Of course, it's not just weed. It might be ideally suited for growing cannabis, sure, but Edyn wasn't conceived for the express purpose of growing just cannabis. According to The New York Times, Aramburu's plan for the Edyn sensor "goes beyond people in upscale ZIP codes to cultivate things like exotic kale and heirloom beets." He also intends to begin selling his sensors on the cheap to farmers in third-world countries who want to yield crops, and make a living, sustainably and efficiently. And all that data, presumably, will be stored in the cloud.

Ultimately, something like the Edyn sensor is a way to add to a growing corpus of gardening knowledge as agriculture generally goes the way of automation, smart sensors, and the like. When it comes to weed in particular, the idea is it build up a database of strain dos and don'ts, as different strains require different growing conditions.

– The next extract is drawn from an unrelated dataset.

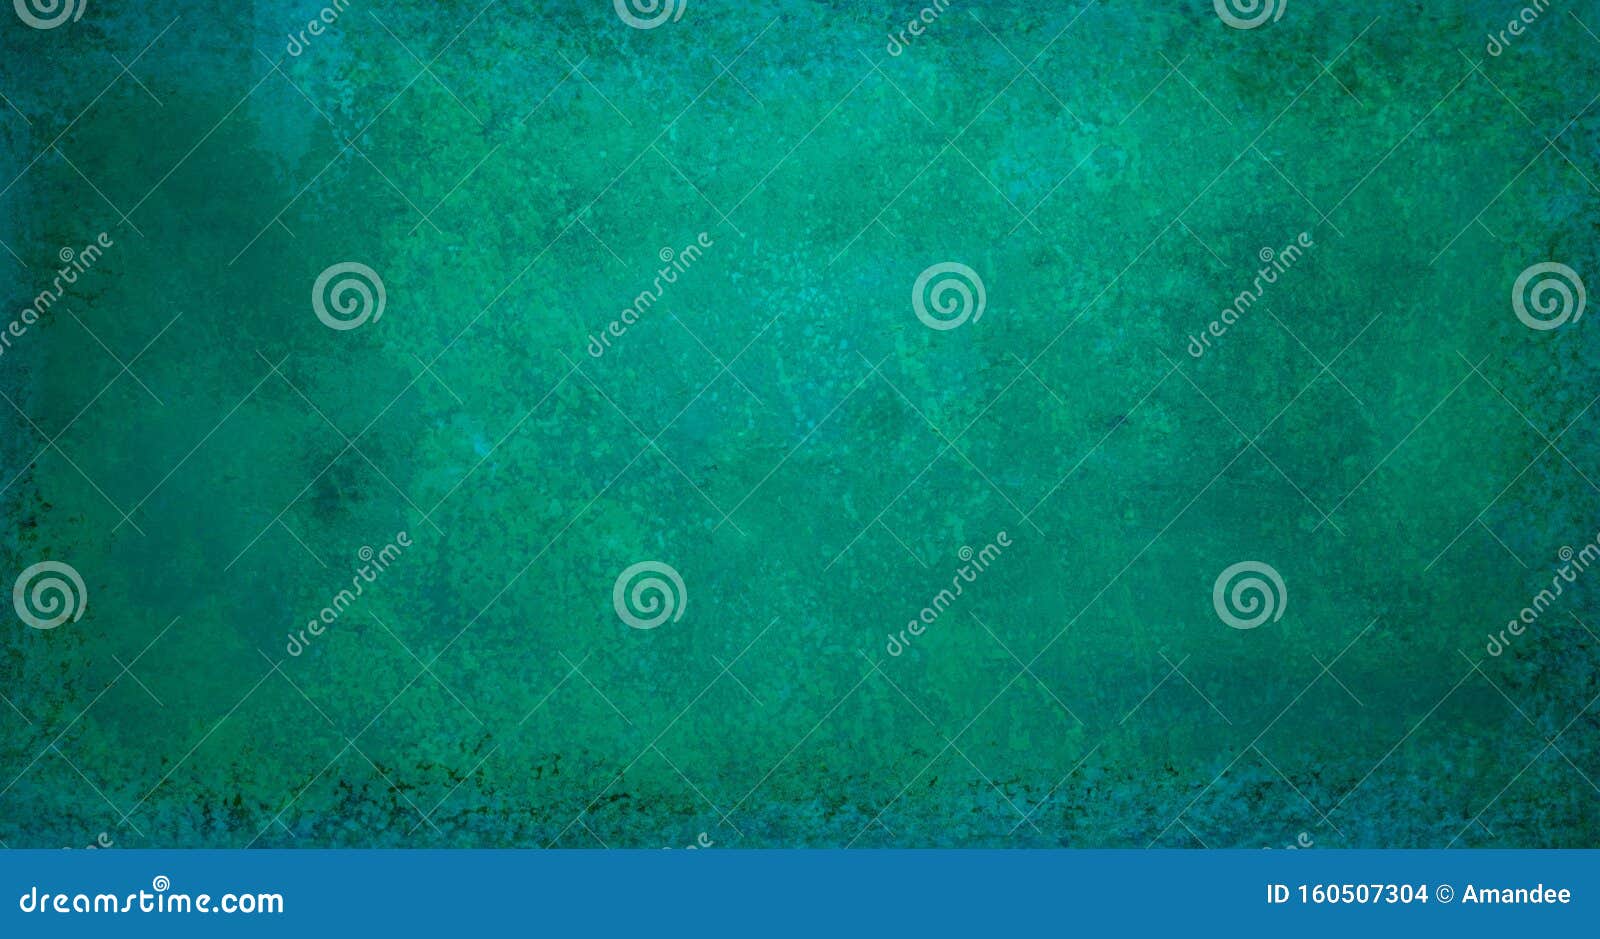 blue green background with vintage distressed texture that is messy scuffed and aged in a classy elegant

"There's no database of what the optimal conditions are for Strawberry Cough or OG Kush," Aramburu said. "That information just doesn't exist." So, too, for the optimal conditions—grow specs, time, date, and location data—for hackers, cops, or the DEA to pounce on. At least, not for long.

That's why Edyn has also made the commitment to not share a user's location or other information with any third parties. "It's all anonymized, all private," Aramburu told me.

Back at the undisclosed grow in Berkeley, the ten OG Kush plants now stand well over five feet tall. With any luck, they will start budding in the next month.